I have come to realize that it is easy to give up certain information about yourself that only gives others a small glimpse into who you really are. You put a mask on and make it seem like your life is pretty normal and that you only deal with the minor stresses in life. However, when you start to open up you find out that you and so many others are actually dealing with the same pains and struggles. The beauty through all the pain is the fact that the body of Christ is meant to encourage each other through those struggles.
I got to delve into that process with Carly. To be honest I believed that she had a story that was going to be very vanilla. However, as I started to listen I realized that the Lord has been working through some pretty big trials in her life.
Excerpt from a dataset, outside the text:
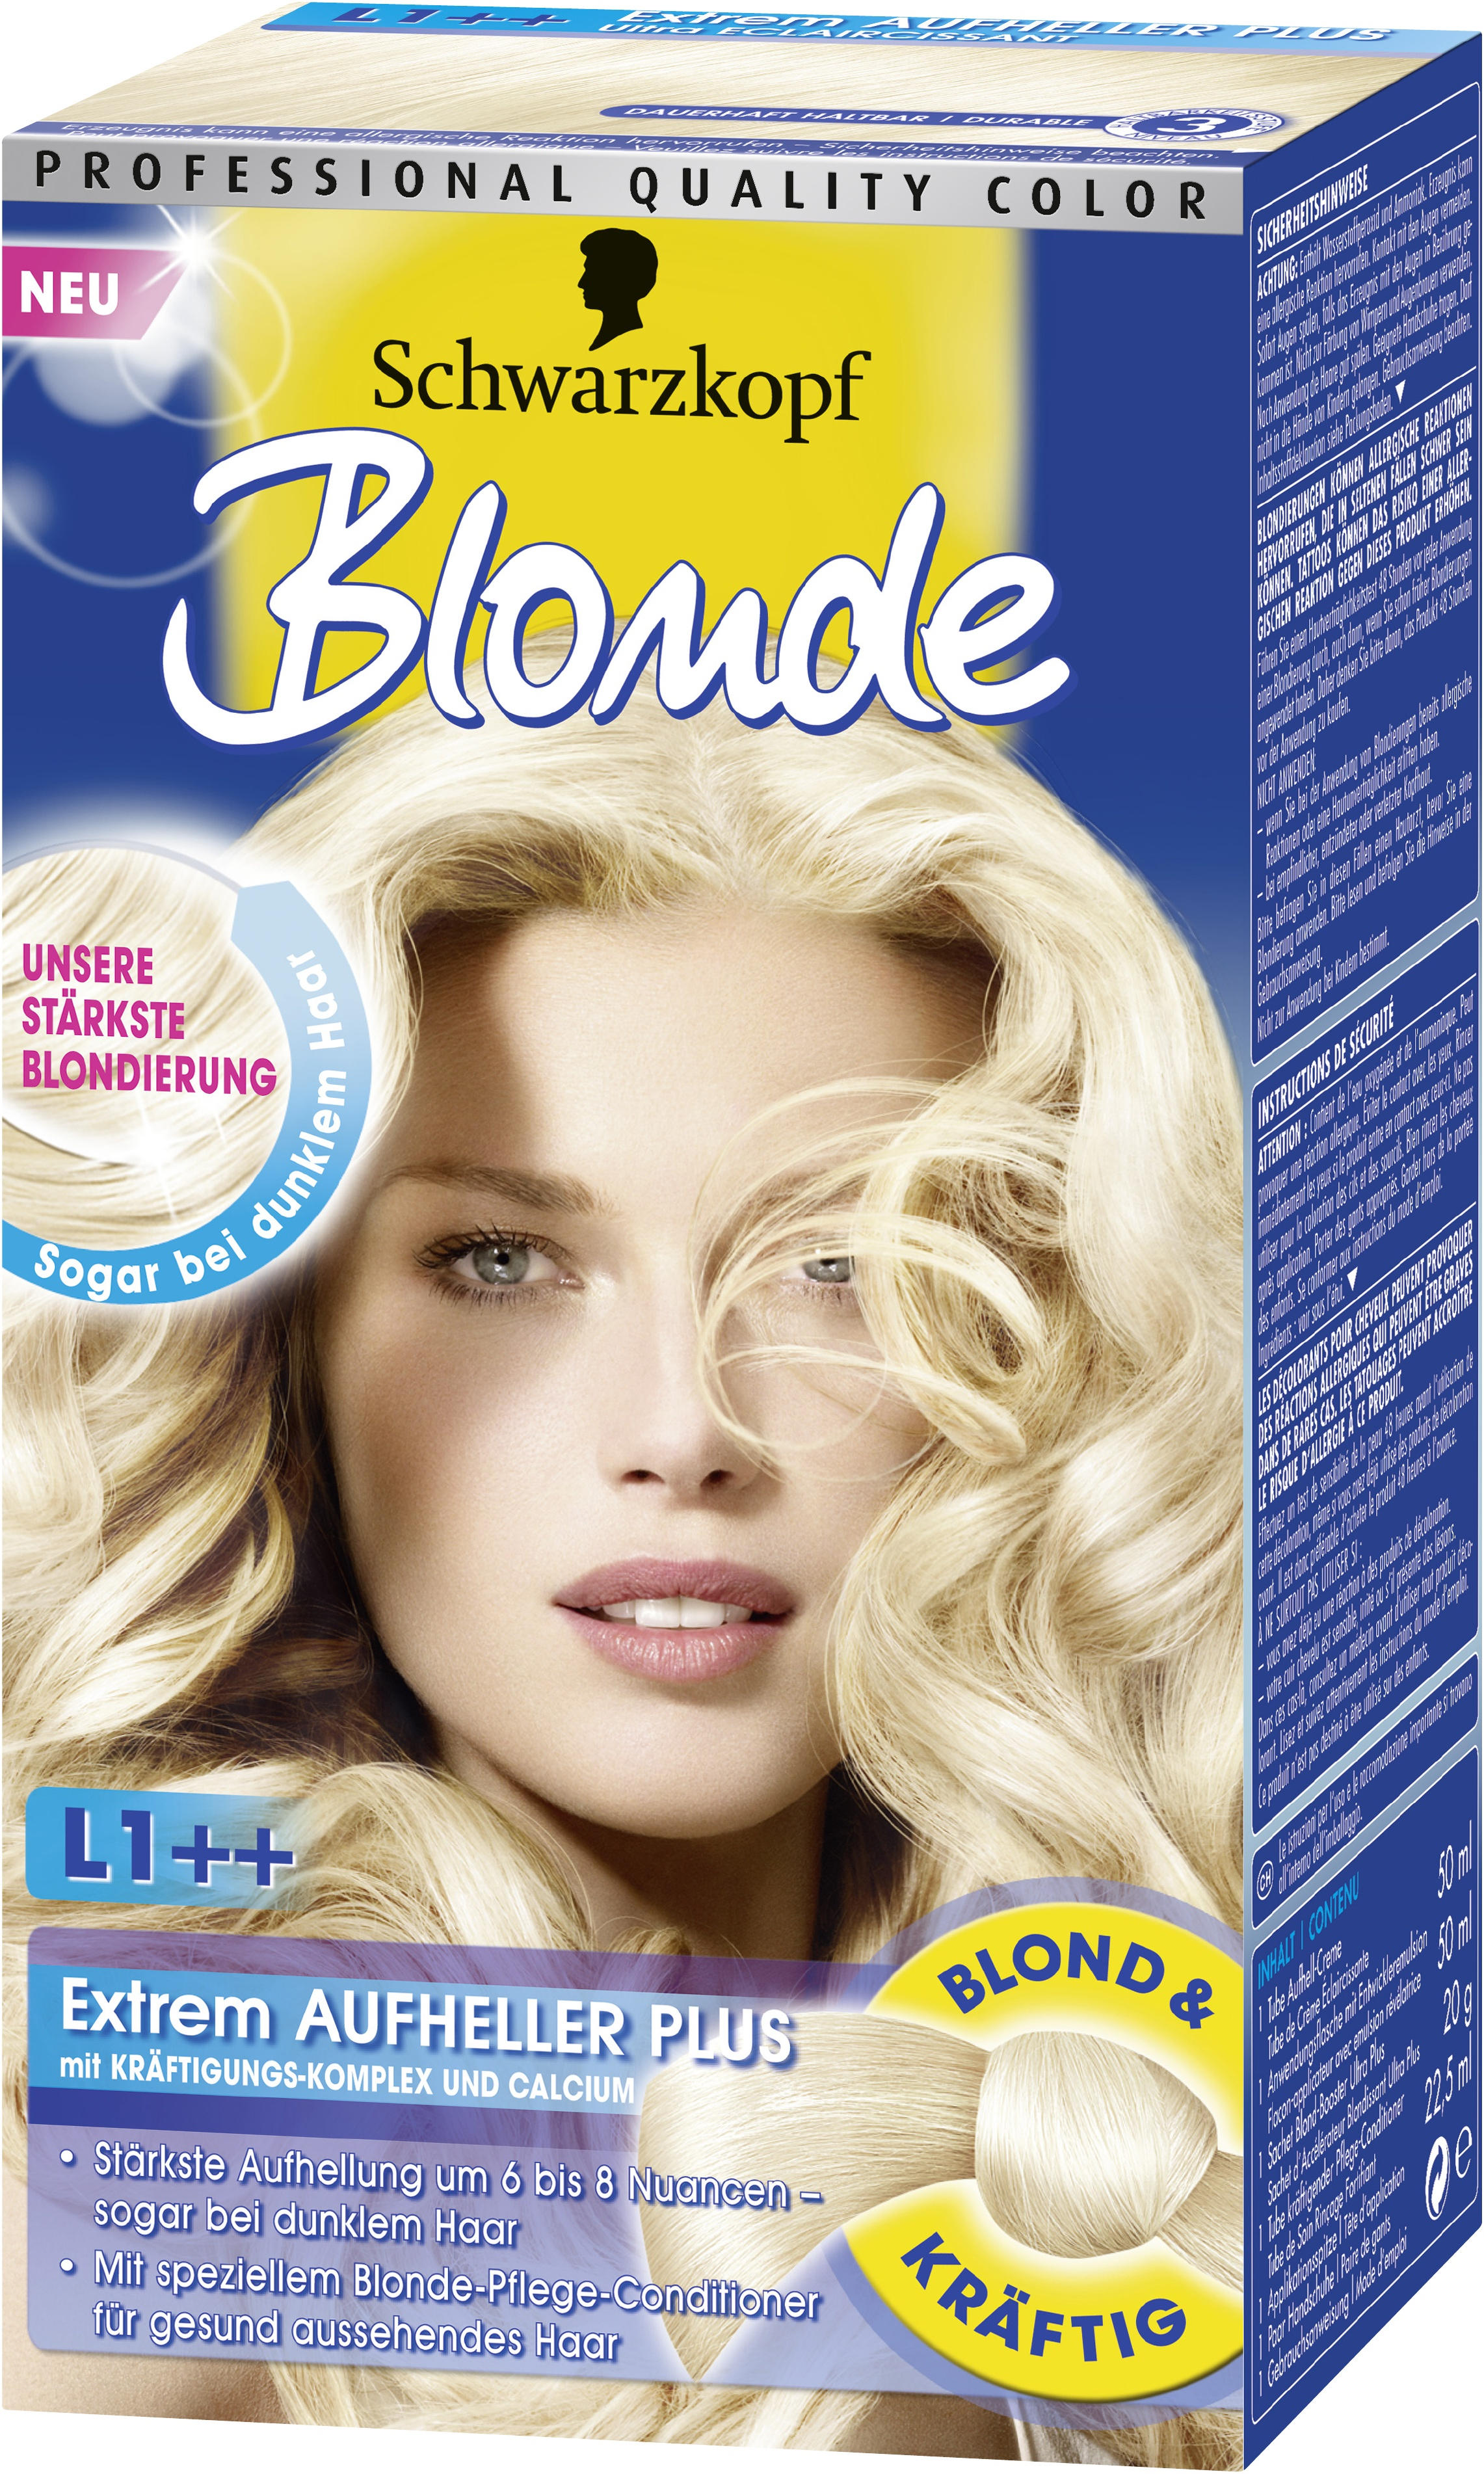 zweimal hintereinander blondieren

Quick summary of what Carly and I talked about: her mom has a very strong walk with the Lord and her dad does not. This may shock some people, but so many people here at Cedarville with that. We make our families look so good on the outside, but if you look just a bit closer you will start to notice how shattered and broken we really are. As Christians we want to let people in, but we only want them to see the good. When in reality, when we open up and expose our brokenness and how God is working through it, our stories become so much more impactful.
The thing that really keeps coming to mind is the idea of going to God first. I can wrap up Carly’s whole story with going to the Lord and actually setting your desires at his feet. I mean so many times in the Bible we hear that God wants us to just ask! In all honesty, we often don’t even have time to ask because we are so busying complaining to our friends and trying and do things on our own. By the time we finally get to the Lord we are so discouraged we no longer believe he can actually help and so we don’t even bother asking for his help.
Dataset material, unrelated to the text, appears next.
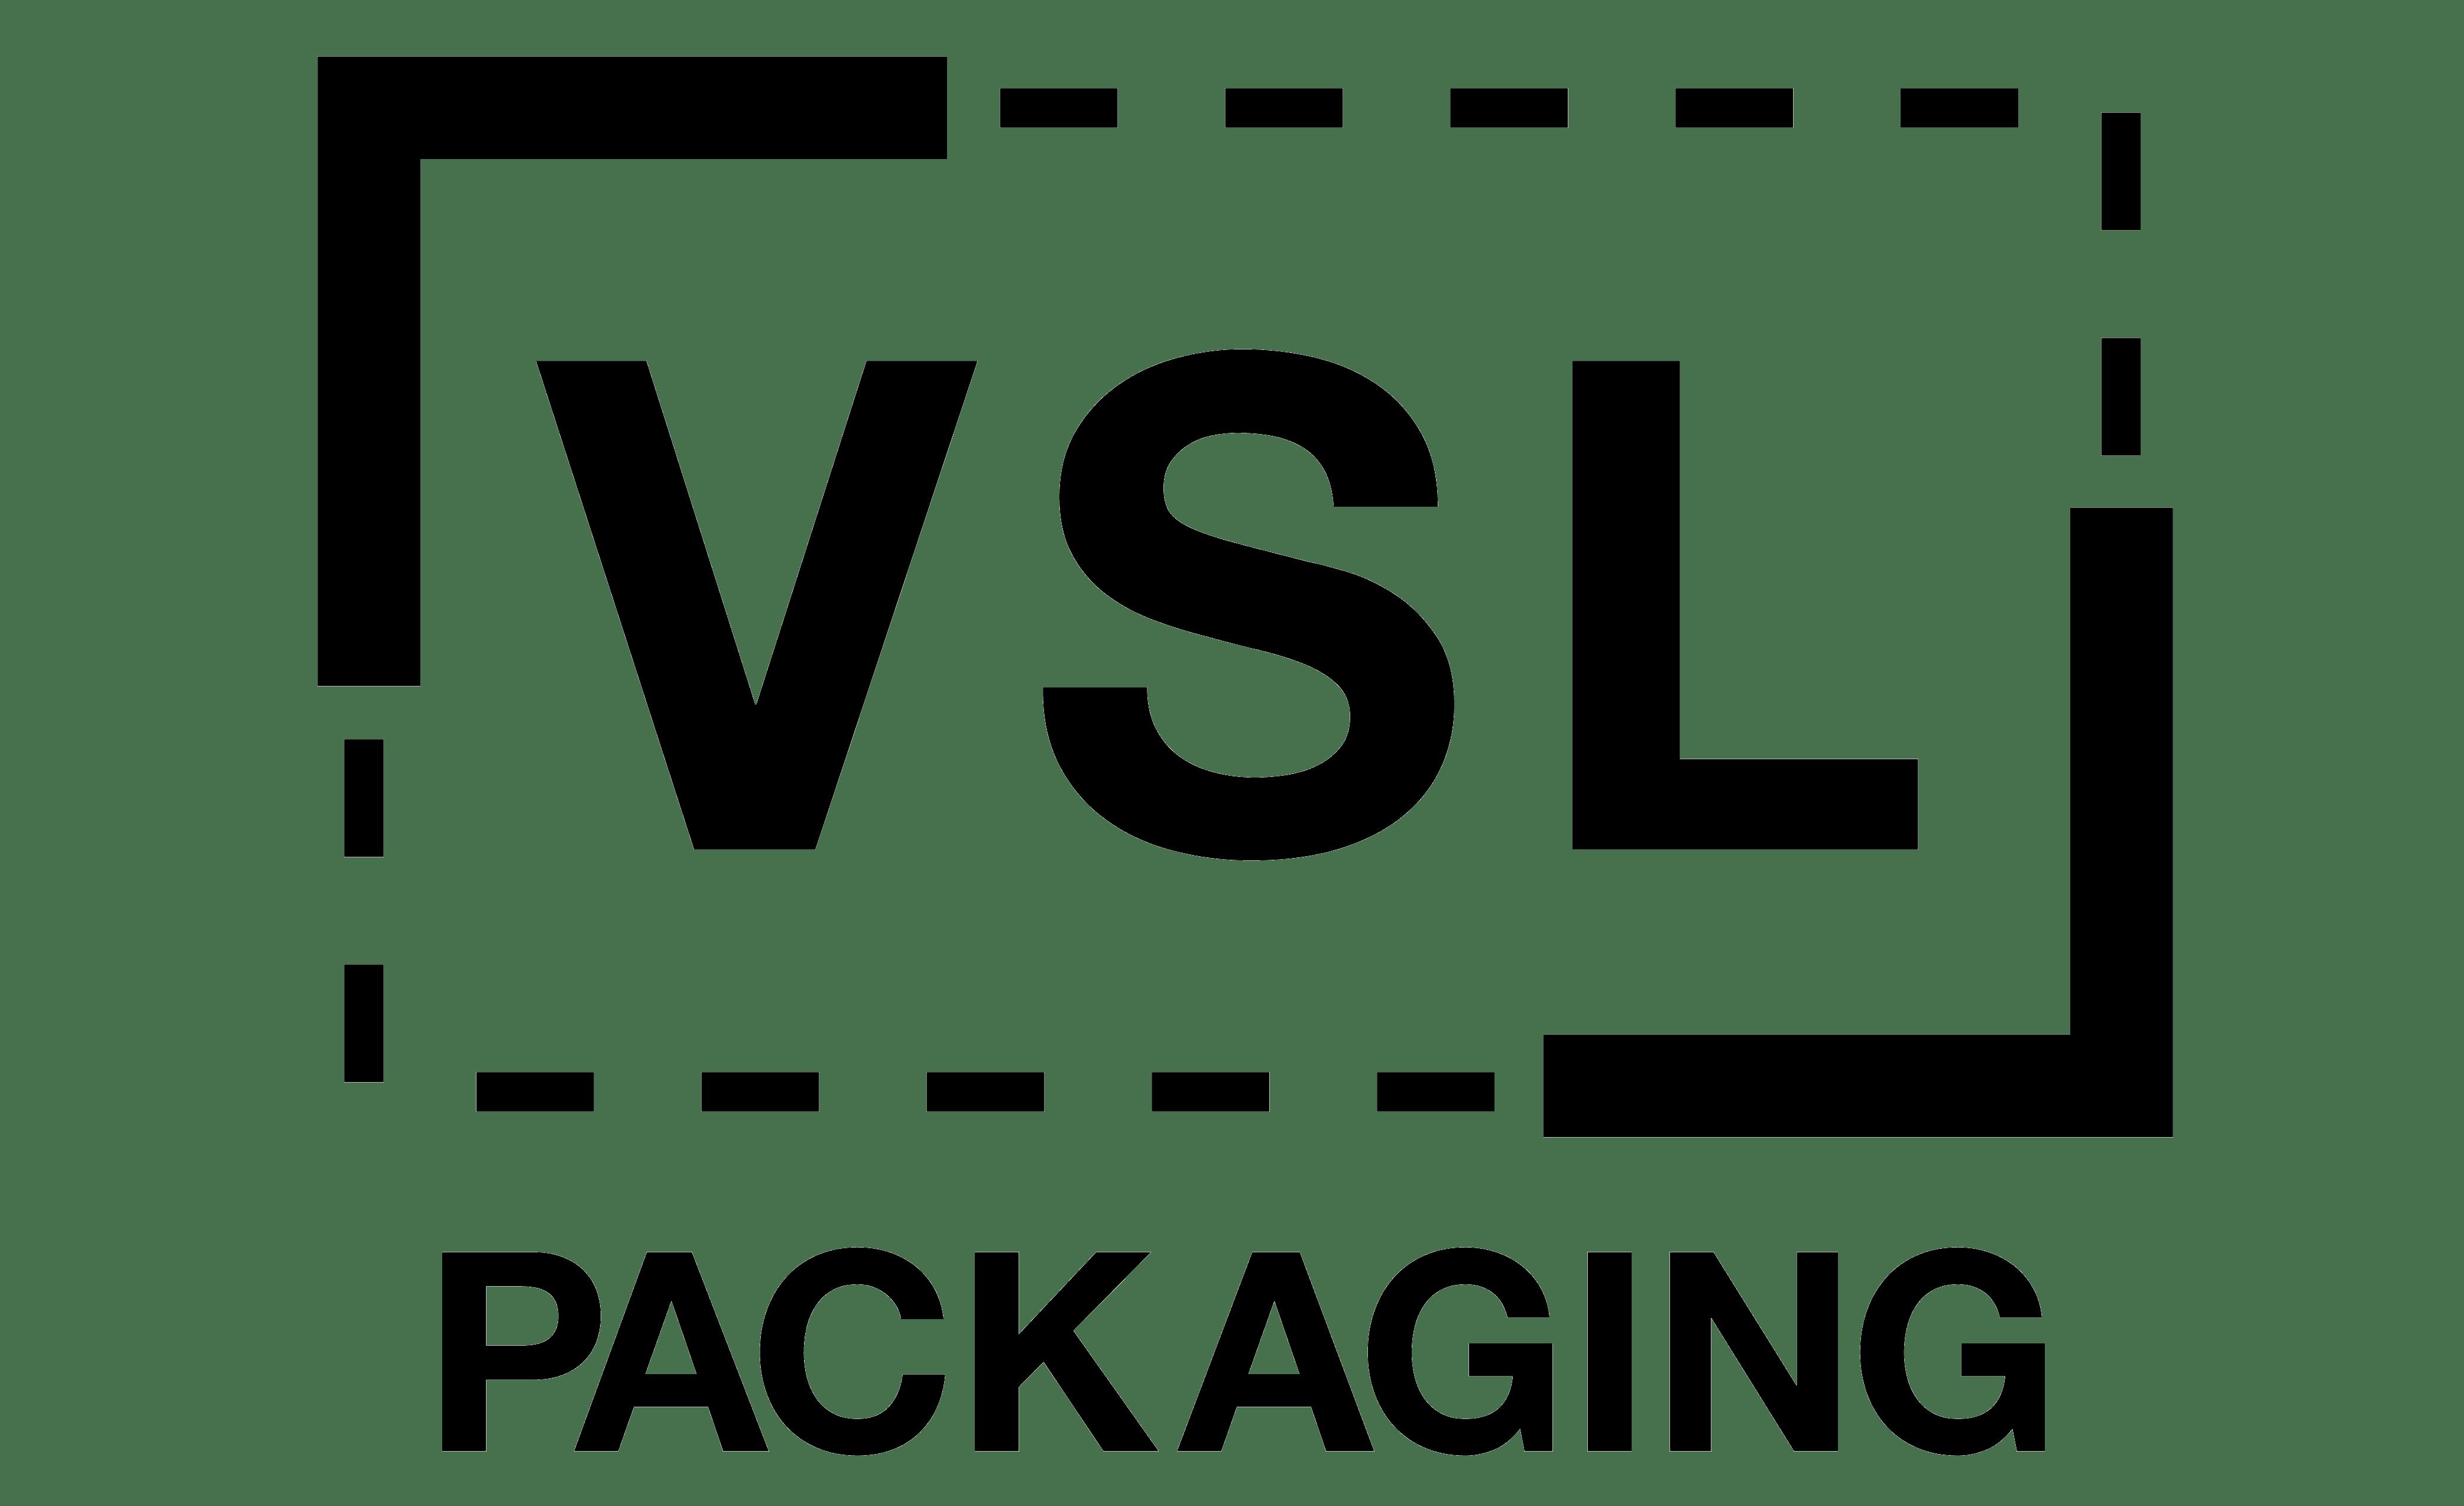 VSL-Packaging-logo-transparent

So, let me get a bit honest with you. I am in the same boat as Carly, longing for salvation of people I love. However, instead of staring at a wall trying to figure out what to say or do, why am I not going to the Lord first.
Why am I not asking and expecting that the Lord will be faithful to his Word; seeking and knowing that I will find; knocking and believing that the door will be opened to me (Matthew 7:7).
Ultimately my problem is that I do not trust that the Lord is good and that he will do as he says he will. I am filled with doubt and fear on what is next. I am so caught up in my own anger, exhaustion, and frustration that I am not allowing the Lord to step in and open my eyes to see how he is working. I need to get on my knees and start praying for the people I love and believe that God is going to show me some miraculous things.
I understand, it’s easy to try and unload all of your problems on those around you and not go to God first. But remember, God is the ONLY one who can handle all your problems, and turn your pain into something beautiful.